# needs to happen



## ryan (Apr 12, 2009)

i was watching the outdoor channel last night and i see a show called destination polaris, fishers atv world talking about artic cats and can-am but were is the show for the bad boys the beasts the brutes out of the three shows i watched last night i seen 2 brutes we aught to make a tv show on brute power


----------



## walker (Apr 5, 2009)

watched that show where they where building an 850 popo


----------



## ryan (Apr 12, 2009)

yeah they were saying they had some monster outlaws


----------



## Polaris425 (Dec 16, 2004)

fishers is a biased show, he says what he's told to say. he's a sell out. he only says polaris is best b/c they pay him to say it, same with zuki & now can-am. You'll never see anything about REAL riding on his show, except where they go to nats, and then, they only cover races for the most part. I hate his show.


----------



## ryan (Apr 12, 2009)

yeah me to i hate it big time


----------



## edtman (Jul 4, 2009)

Saw the same three shows and was thinking the same thing, in fact, of the four shows I watch, Fisher, ATV Illustrated, Dirt Tracs, and Dest. Polaris, I have only seen one review of the Terex. What gives?


----------



## snipe523 (Mar 19, 2009)

What channel is ATV illustrated on?


----------



## sookiesmacker (Mar 19, 2009)

Polaris425 said:


> fishers is a biased show, he says what he's told to say. he's a sell out. he only says polaris is best b/c they pay him to say it, same with zuki & now can-am. You'll never see anything about REAL riding on his show, except where they go to nats, and then, they only cover races for the most part. I hate his show.


I agree.

They were supposed to be at the C.M.R. event at C.A.W. this year and didn't show. The owner said Fisher said it was to muddy to attend. It WAS A mud racing event, what did they expect??:haha:





Just sayin'


----------



## snipe523 (Mar 19, 2009)

By the way I think we should start the show and just call it Mud in my Blood TV. Someone get the cameras rolling.


----------



## walker (Apr 5, 2009)

i know i'm not a subscriber cause i hate paypal but everyone could chip in and film a show at the meet and greet and go from there .. fisher is a jack ars he never went any where at nats i'm guessing cause almost everyone was drinking they didnt want to show that part of the 4 wheeler riding scene.............


----------



## Polaris425 (Dec 16, 2004)

oh im sure there will be plenty of footage from the ride! haha!


----------



## sookiesmacker (Mar 19, 2009)

H*LL Y'all could film me.

Eight beerz into a twelve pack, I look like an episode of "Jack-***"!!!!

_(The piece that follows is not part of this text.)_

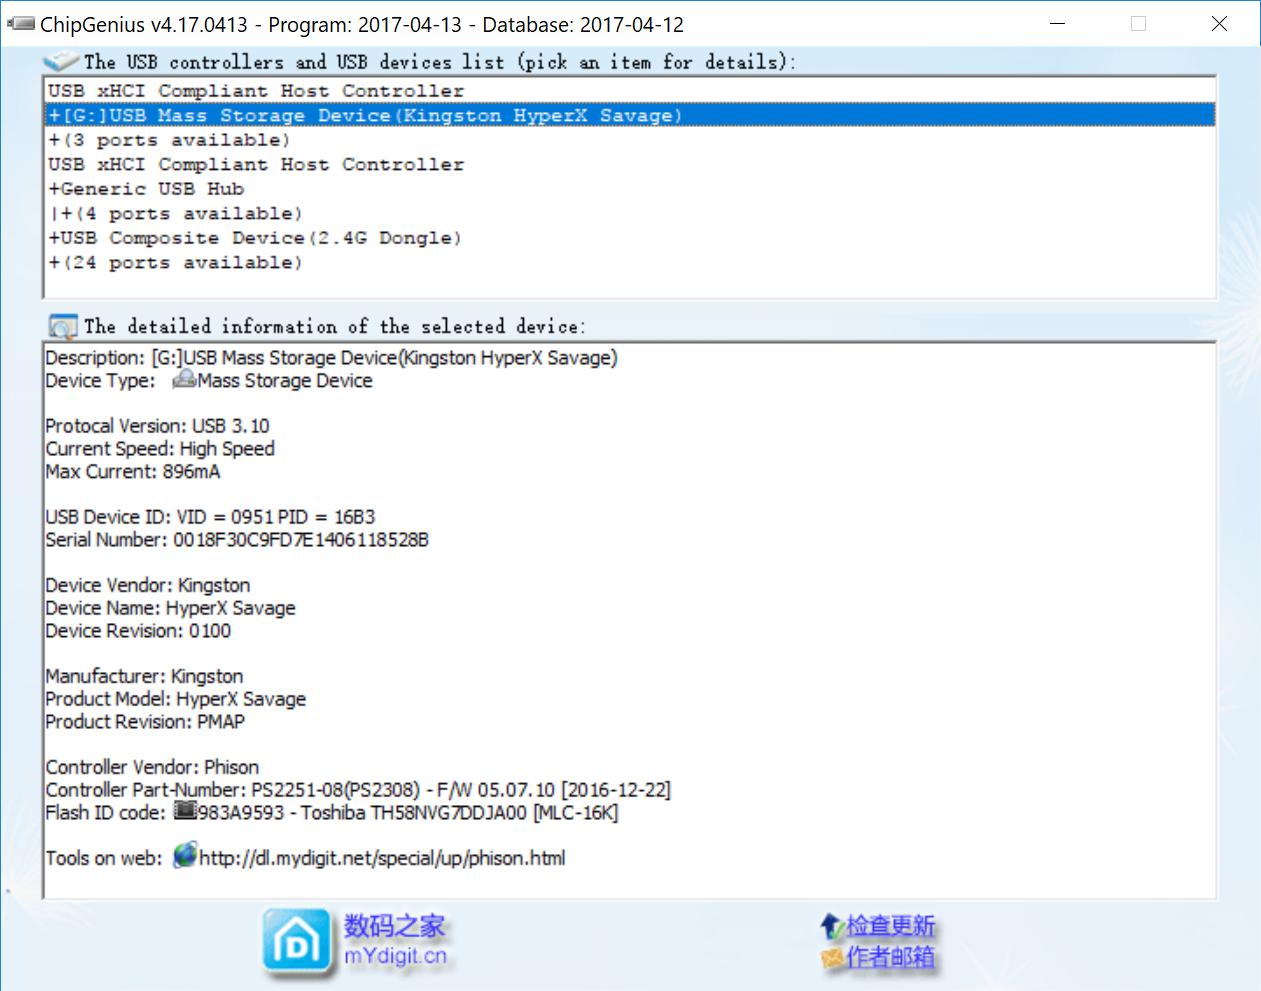 phison ps2307 файлы прошивки

On second thought, I act like that anyway.:beerchug:






Just sayin'


----------



## edtman (Jul 4, 2009)

snipe523 said:


> What channel is ATV illustrated on?


 
outdoor channel, i think the season is over though, wasnt on last week, destination popo instead


----------



## edtman (Jul 4, 2009)

snipe523 said:


> By the way I think we should start the show and just call it Mud in my Blood TV. Someone get the cameras rolling.

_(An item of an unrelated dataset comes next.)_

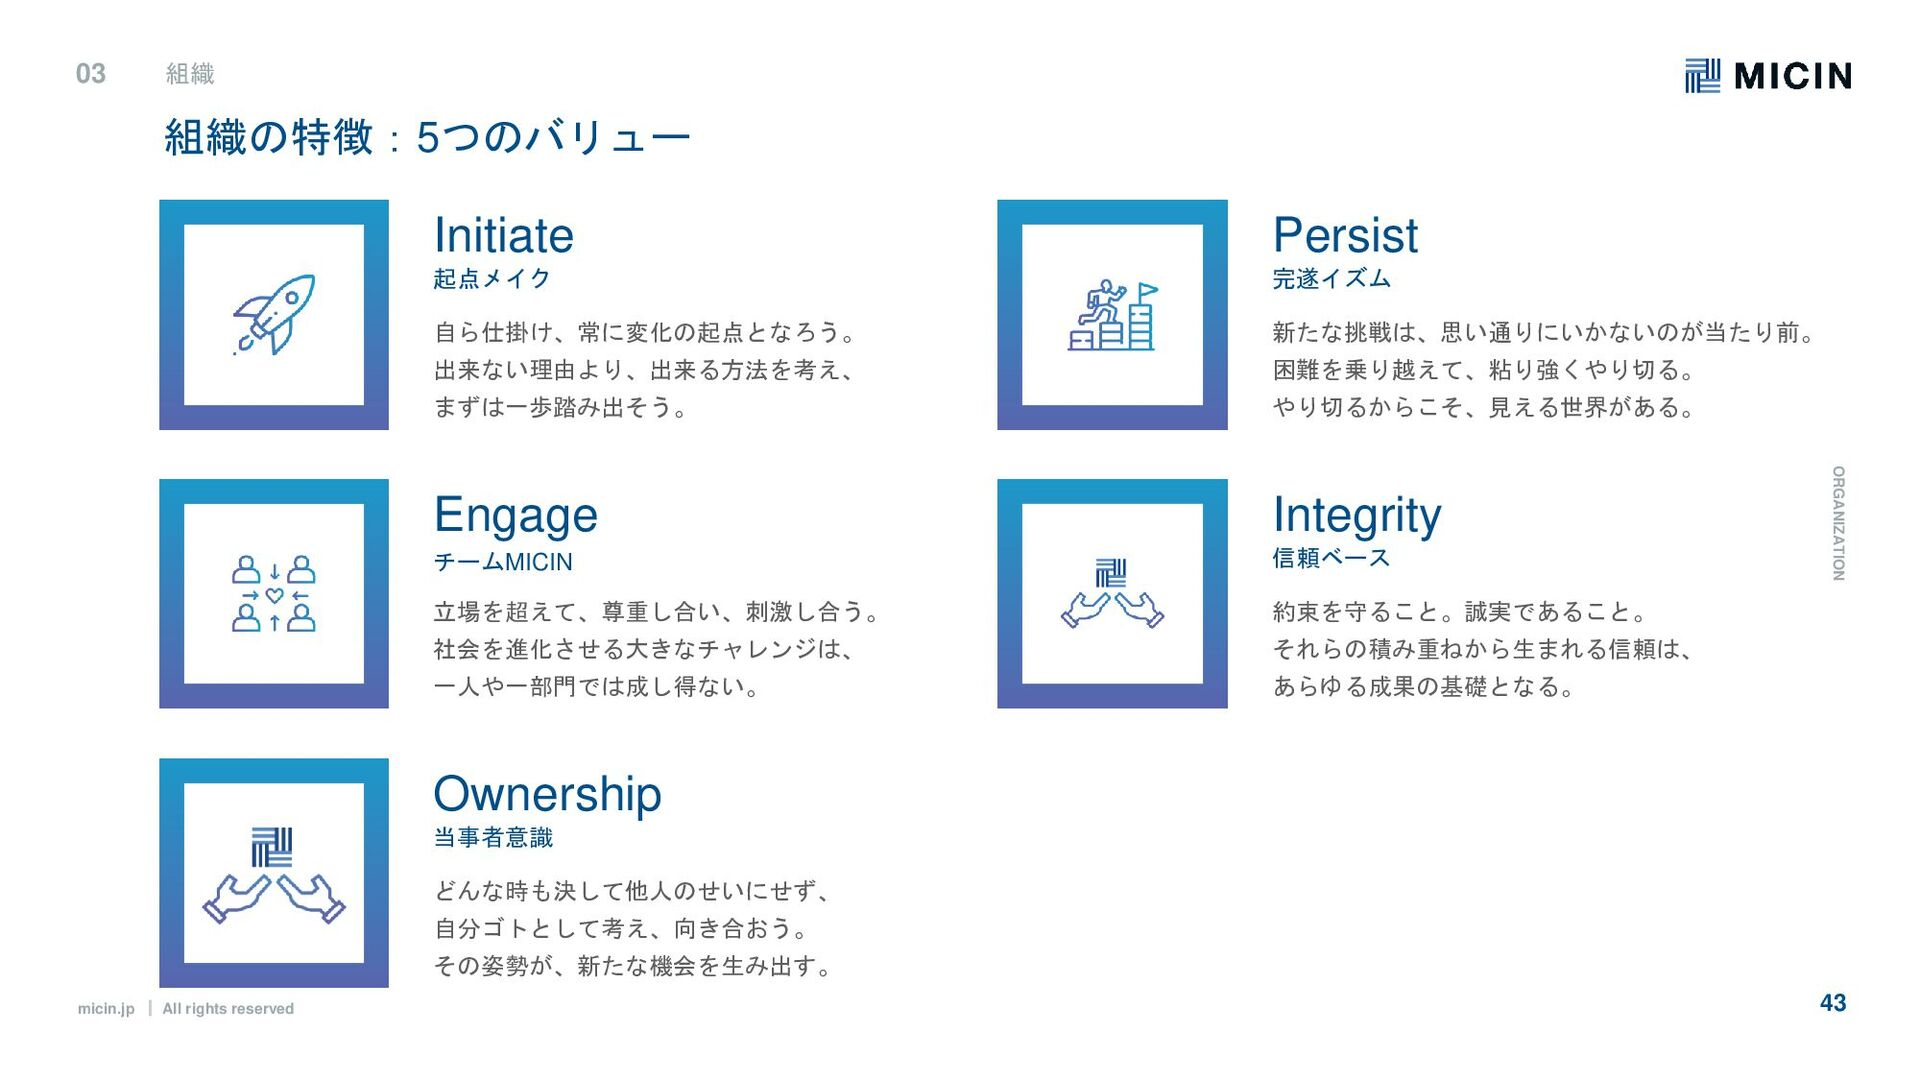 micin.jp ʛ All rights reserved 43 03 O R G A N ...

outdoor channel, i think the season is over though wasnt on last week, destination popo instead


----------



## snipe523 (Mar 19, 2009)

I don't remember ever seeing it on. Maybe they don't play it on the HD version of the channel? I know some channels don't show the same things on the SD and HD versions of the channels all the time.


----------



## ryan (Apr 12, 2009)

we should call it muddy madness and it can be sponsored by mudinmyblood for publicity


----------



## 650Brute (Dec 18, 2008)

:rockn: Great ideas....


----------



## snipe523 (Mar 19, 2009)

Each show can focus on the different areas and types of terrain that our members ride.


----------



## ryan (Apr 12, 2009)

man i never thought i would get this much hits for this thread how can we get this show up and runnin


----------